Its goal is to boost the score of documents based on the values of numeric
features. It is typically put in a `should` clause of a
<<query-dsl-bool-query,`bool`>> query so that its score is added to the score
of the query.

Compared to using <<query-dsl-function-score-query,`function_score`>> or other
ways to modify the score, this query has the benefit of being able to
efficiently skip non-competitive hits when
<<search-uri-request,`track_total_hits`>> is set to `false`. Speedups may be
spectacular.

Here is an example that indexes various features:
 - https://en.wikipedia.org/wiki/PageRank[`pagerank`], a measure of the
   importance of a website,
 - `url_length`, the length of the url, which typically correlates negatively
   with relevance,
 - `topics`, which associates a list of topics with every document alongside a
   measure of how well the document is connected to this topic.

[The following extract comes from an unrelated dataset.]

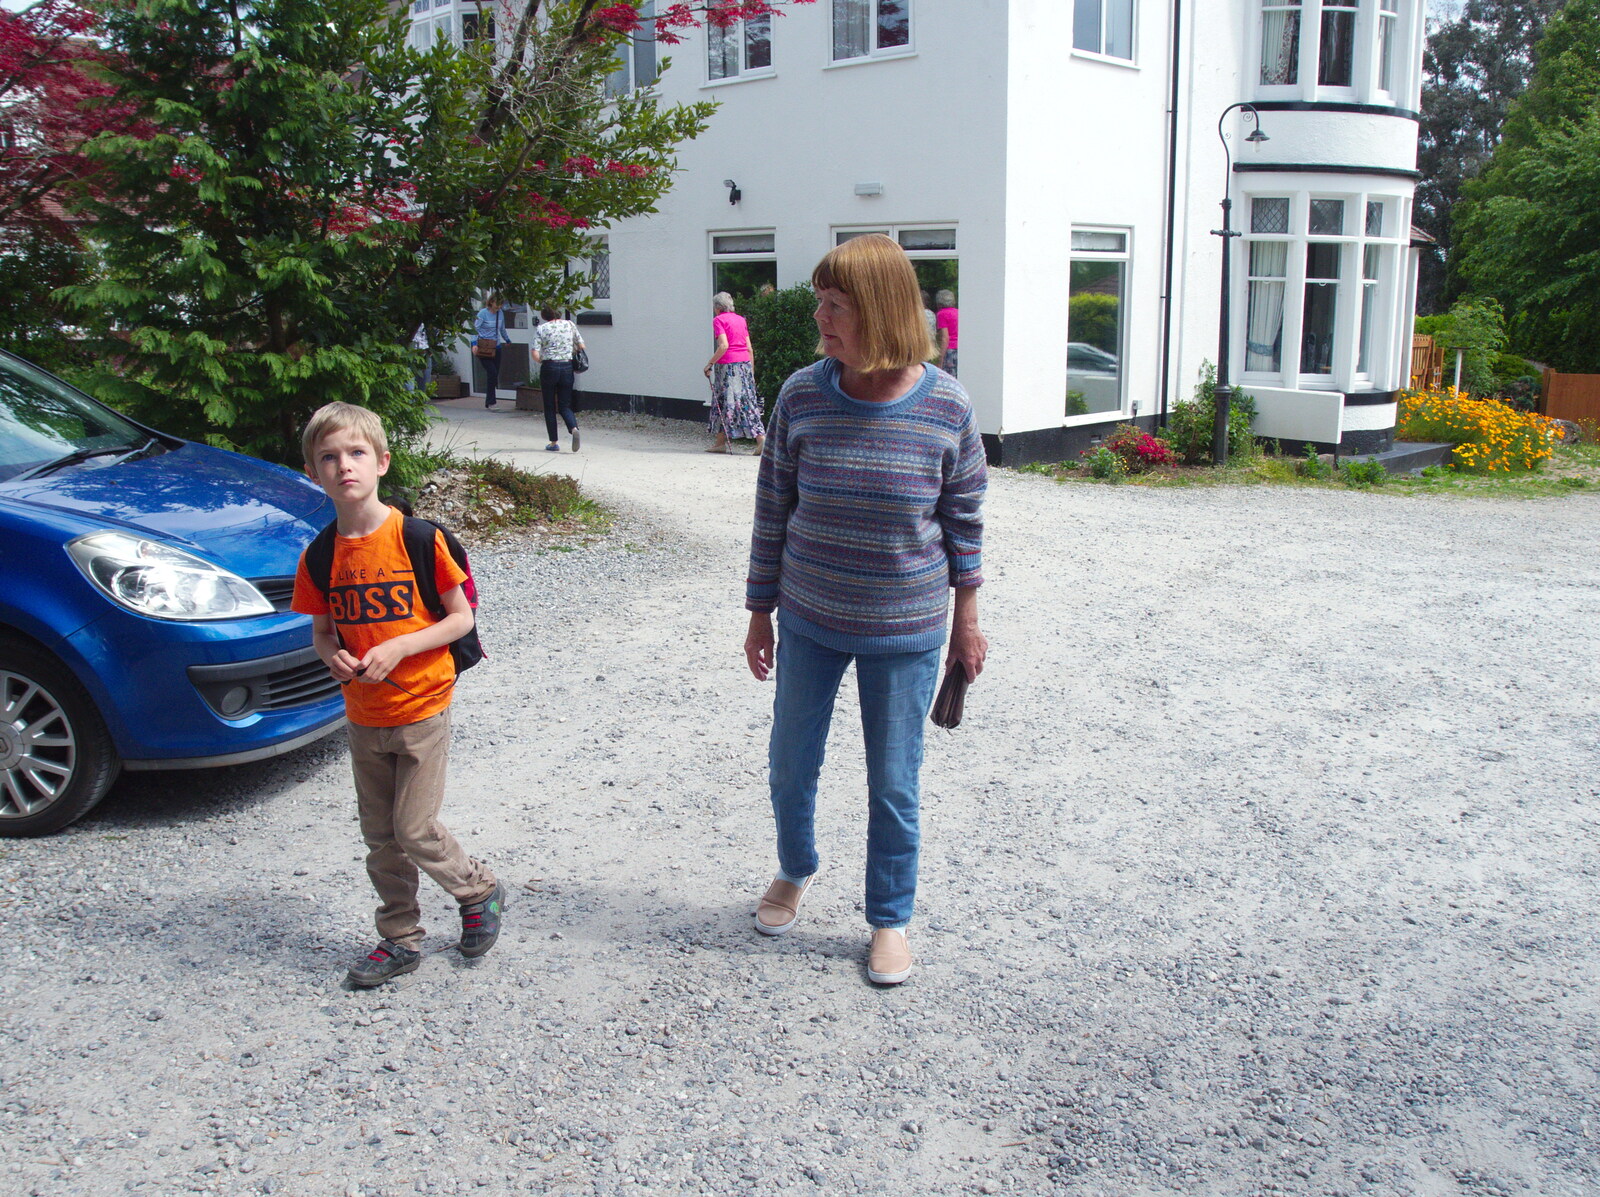 Harry with Grandma J from Chagford Lido and a Trip to Parke, Bovey Tracey, Devon - 25th May 2019

Then the example includes an example query that searches for `"2016"` and boosts
based or `pagerank`, `url_length` and the `sports` topic.

[source,js]
--------------------------------------------------
PUT test?include_type_name=true
{
  "mappings": {
    "_doc": {
      "properties": {
        "pagerank": {
          "type": "feature"
        },
        "url_length": {
          "type": "feature",
          "positive_score_impact": false
        },
        "topics": {
          "type": "feature_vector"
        }
      }
    }
  }
}

PUT test/_doc/1
{
  "url": "http://en.wikipedia.org/wiki/2016_Summer_Olympics",
  "content": "Rio 2016",
  "pagerank": 50.3,
  "url_length": 42,
  "topics": {
    "sports": 50,
    "brazil": 30
  }
}

PUT test/_doc/2
{
  "url": "http://en.wikipedia.org/wiki/2016_Brazilian_Grand_Prix",
  "content": "Formula One motor race held on 13 November 2016 at the Autódromo José Carlos Pace in São Paulo, Brazil",
  "pagerank": 50.3,
  "url_length": 47,
  "topics": {
    "sports": 35,
    "formula one": 65,
    "brazil": 20
  }
}

PUT test/_doc/3
{
  "url": "http://en.wikipedia.org/wiki/Deadpool_(film)",
  "content": "Deadpool is a 2016 American superhero film",
  "pagerank": 50.3,
  "url_length": 37,
  "topics": {
    "movies": 60,
    "super hero": 65
  }
}

POST test/_refresh

GET test/_search 
{
  "query": {
    "bool": {
      "must": [
        {
          "match": {
            "content": "2016"
          }
        }
      ],
      "should": [
        {
          "feature": {
            "field": "pagerank"
          }
        },
        {
          "feature": {
            "field": "url_length",
            "boost": 0.1
          }
        },
        {
          "feature": {
            "field": "topics.sports",
            "boost": 0.4
          }
        }
      ]
    }
  }
}
--------------------------------------------------
// CONSOLE

[float]
=== Supported functions

The `feature` query supports 3 functions in order to boost scores using the
values of features. If you do not know where to start, we recommend that you
start with the `saturation` function, which is the default when no function is
provided.

[float]
==== Saturation

This function gives a score that is equal to `S / (S + pivot)` where `S` is the
value of the feature and `pivot` is a configurable pivot value so that the
result will be less than +0.5+ if `S` is less than pivot and greater than +0.5+
otherwise. Scores are always is +(0, 1)+.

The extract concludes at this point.